La grieta en el muro

Capítulo 10

El amor prohibido

La tarde en el bloque de Reajuste era tan rutinaria como todas. Después de los entrenamientos y las sesiones de propaganda, los internos eran reunidos en una sala de instrucción, donde las paredes proyectaban lecciones sobre la vida bajo el Consejo.

Ese día, el tema era la formación de parejas.

Un instructor, alto y con la voz desprovista de matices, se plantó frente al grupo. Su uniforme impecable y el emblema azul del Consejo brillaban bajo la luz artificial.

—Las uniones son asignadas por el sistema central —comenzó—. A los dieciocho años, cada ciudadano recibe una evaluación completa: compatibilidad genética, equilibrio emocional y utilidad social. Con base en esos datos, el Consejo selecciona la pareja ideal.

En la pantalla detrás de él aparecieron imágenes de hombres y mujeres jóvenes tomados de la mano, sonriendo bajo la supervisión de drones. Parecían felices, demasiado felices, como si la emoción hubiera sido fabricada junto con sus gestos.

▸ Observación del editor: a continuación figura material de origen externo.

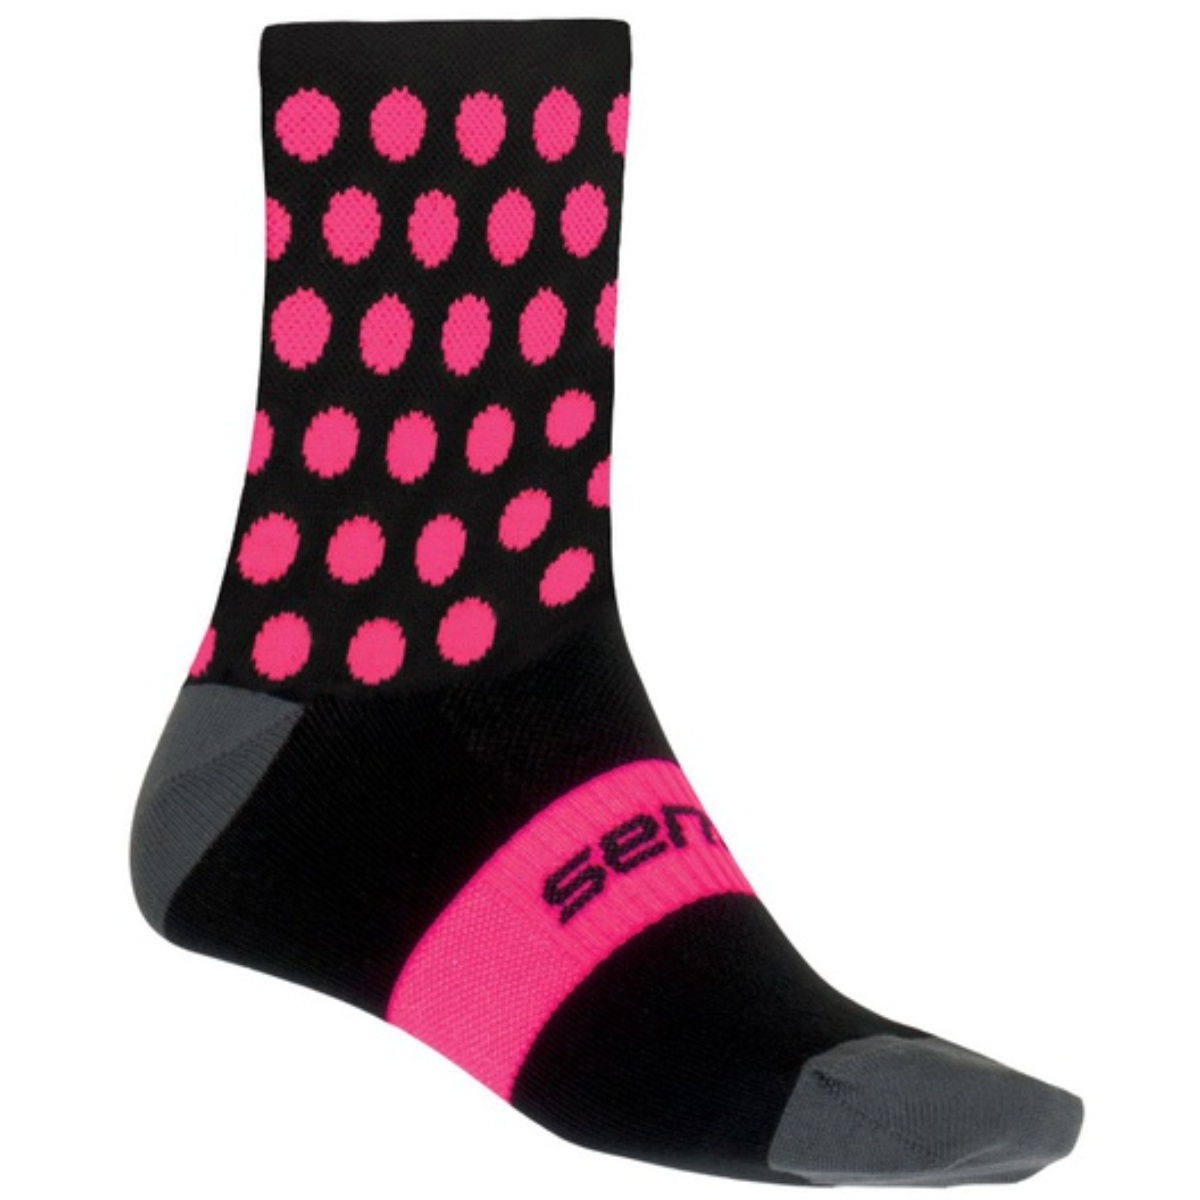 Sensor ponožky DOTS NEW černo-růžové

—El romance —continuó el instructor— es una ilusión peligrosa. Antes del Consejo, los humanos elegían basados en pasiones y deseos. El resultado fue caos: celos, crímenes, familias disfuncionales. Ahora, gracias al sistema, esos errores son imposibles. Cada pareja cumple su función: reproducirse cuando es necesario y mantener la estabilidad.

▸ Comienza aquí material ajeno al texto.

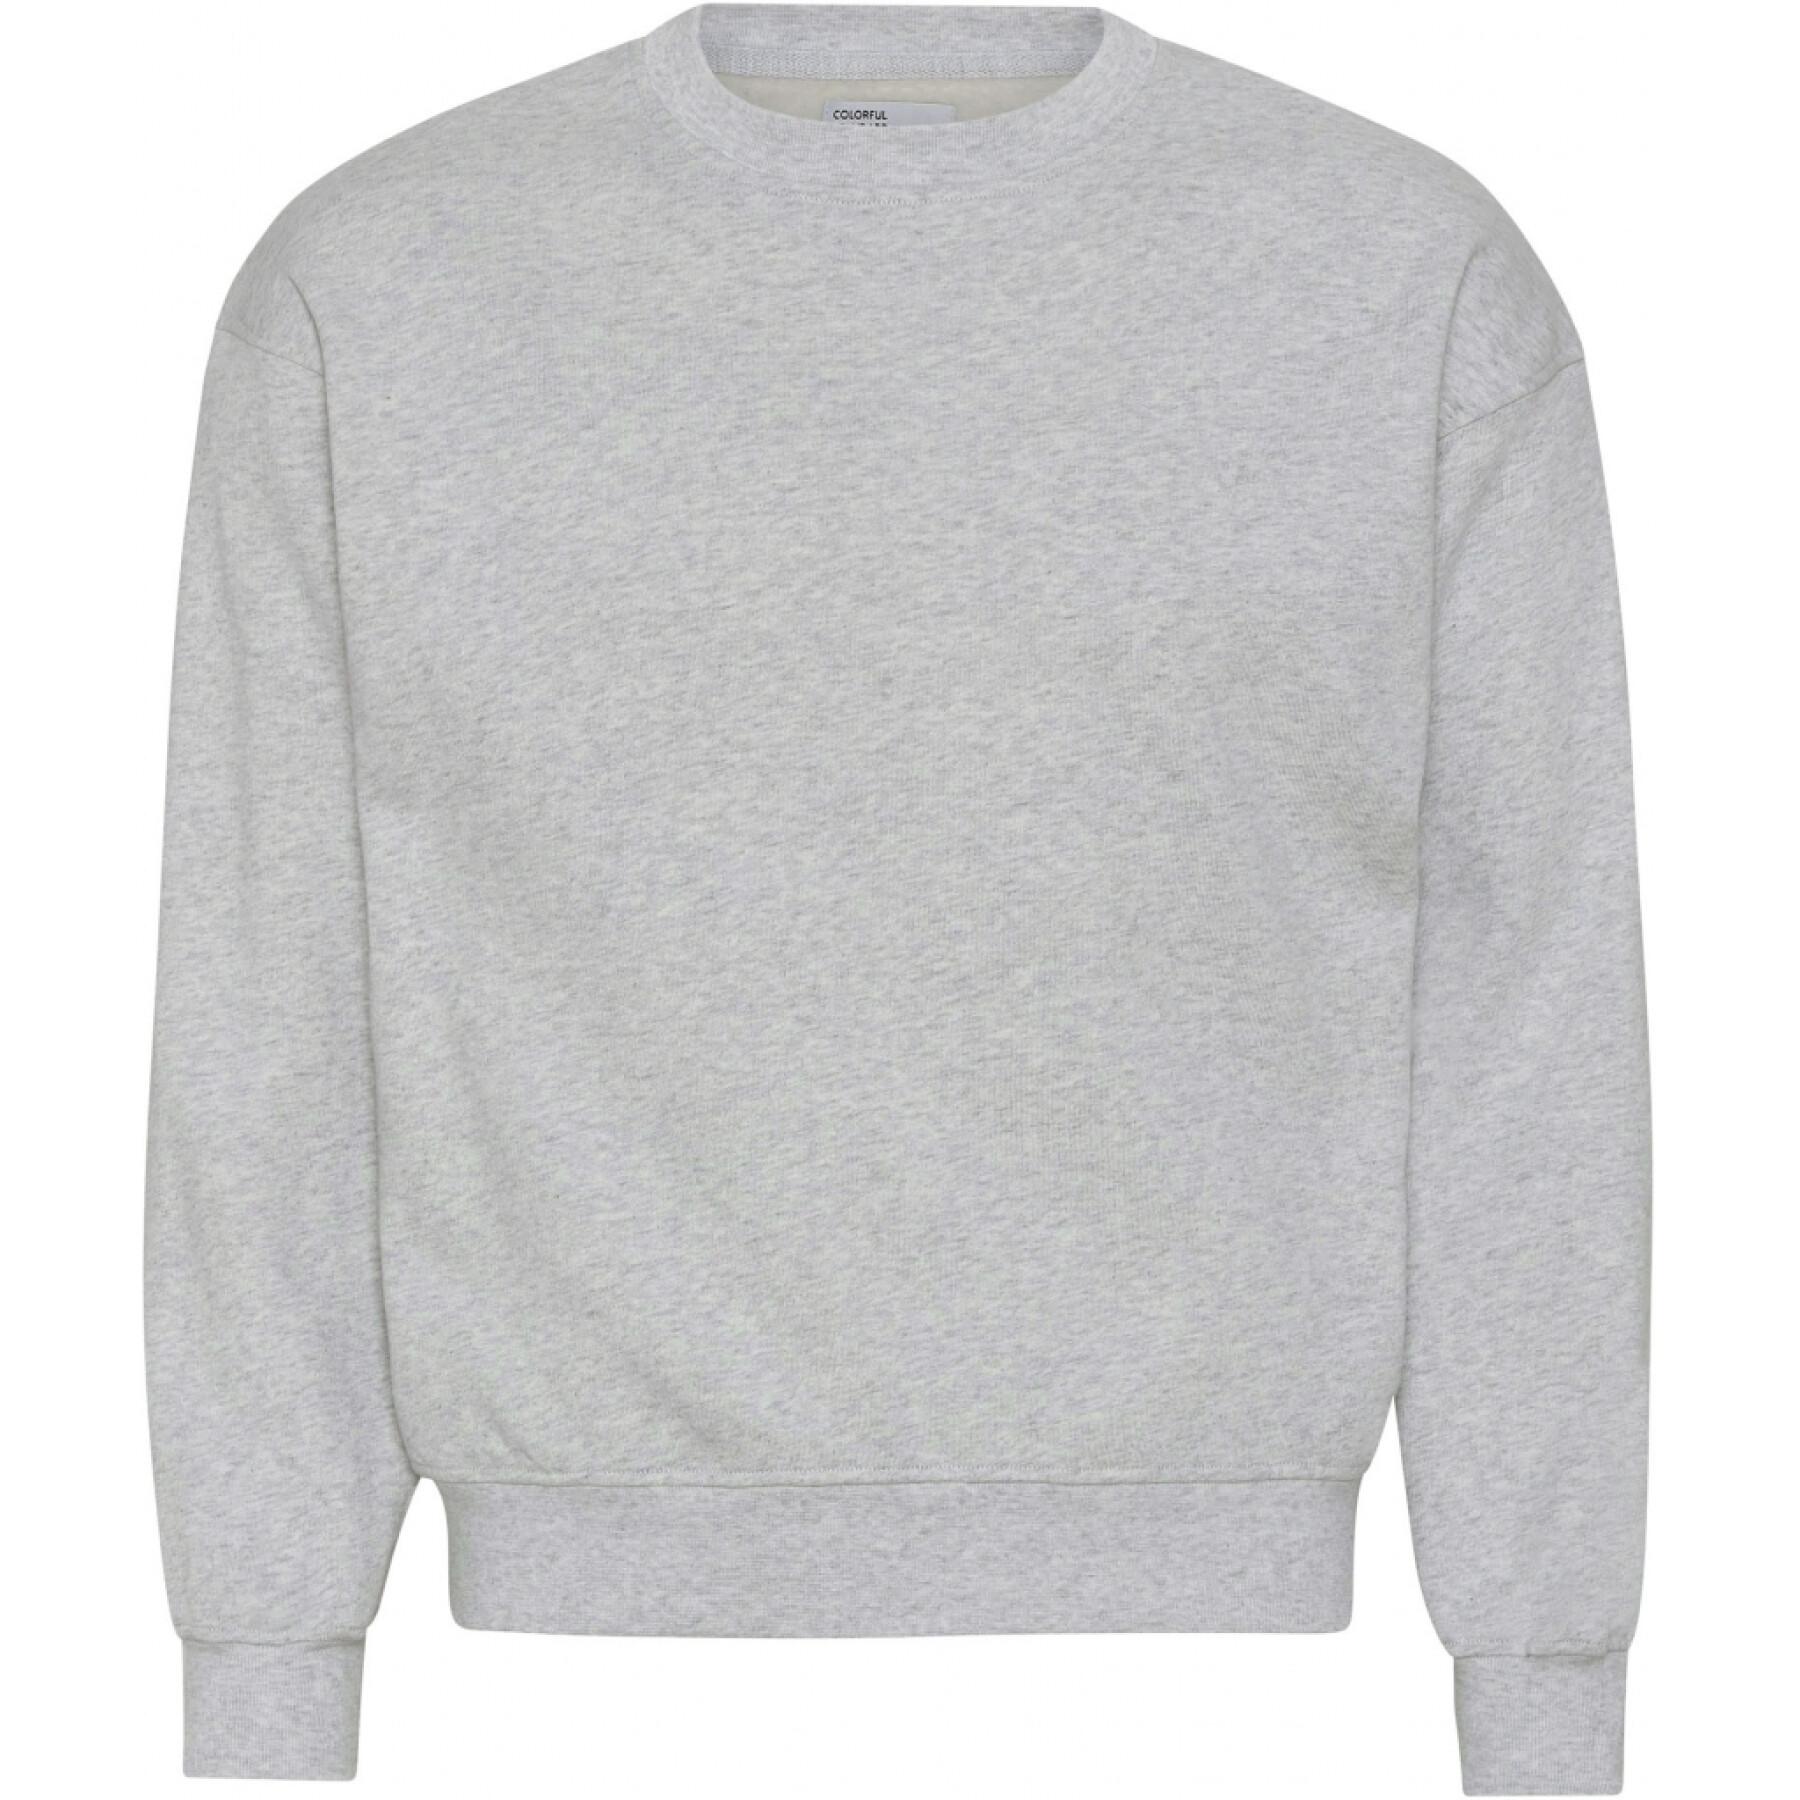 Sweatshirt round neck Colorful Standard Organic oversized heather grey

Veyra apretó las manos sobre sus rodillas. Sentía el calor subiendo desde el estómago, esa mezcla de rabia y asco que siempre la empujaba a hablar cuando debería callar.

Alzó la voz sin pedir permiso:
—¿Y qué pasa si alguien… ama a otra persona que no le asignaron?

La sala quedó en silencio. Algunos internos giraron la cabeza hacia ella con ojos abiertos, otros bajaron la mirada para no ser asociados con la pregunta. Nadie se atrevía a mencionar esa palabra: amor.

El instructor no se movió, pero en su rostro apareció una sombra de irritación.
—El amor no es real —dijo con firmeza—. Es una distorsión emocional que el chip regula para protegerlos. No pueden sentirlo, porque es una construcción del caos.

—Yo lo sentí —escapó de los labios de Veyra, antes de poder detenerse.

Un murmullo corrió entre los jóvenes. Ella lo sabía: acababa de lanzarse al vacío.

El instructor dio un paso hacia ella.
—Unidad 47, sus palabras son peligrosas. Los chips garantizan que no haya desviaciones. Nadie siente amor, porque no existe.

Veyra sostuvo la mirada, desafiando la amenaza implícita.
—Si no existe, ¿por qué el Consejo tiene tanto miedo de él?

Un silencio glacial se extendió. El chip en su cuello zumbó levemente, como si la estuviera advirtiendo, pero no la derribó. Quizá los controladores querían observar hasta dónde llegaba.

En la última fila, Cassian presenciaba la escena. No estaba sentado como los demás: supervisaba desde un costado, tomando notas para su informe. Su rostro permanecía neutral, el perfecto hijo del orden. Pero por dentro, cada palabra de Veyra se incrustaba como un eco incómodo.

“Si no existe, ¿por qué el Consejo tiene tanto miedo de él?”

Él nunca lo había formulado así. Desde niño le habían repetido que el amor era un mito, un residuo peligroso del viejo mundo. Pero escucharla desafiar al sistema en voz alta le provocaba una mezcla de admiración y temor.

El instructor cerró la sesión de manera abrupta.
—El tema queda concluido. Nadie debe volver a mencionarlo.

Los jóvenes fueron desalojados en filas, con el peso de la advertencia aún flotando en el aire.

En el pasillo, Liora se acercó a Veyra con una sonrisa tensa.
—Eres una insensata.

—Tal vez —respondió Veyra—, pero alguien tenía que decirlo.

Cassian las observó de lejos. No intervino, no debía hacerlo. Pero en su mente, por primera vez, la palabra prohibida resonaba como una grieta en el orden: amor.

No sabía si era una amenaza o una promesa.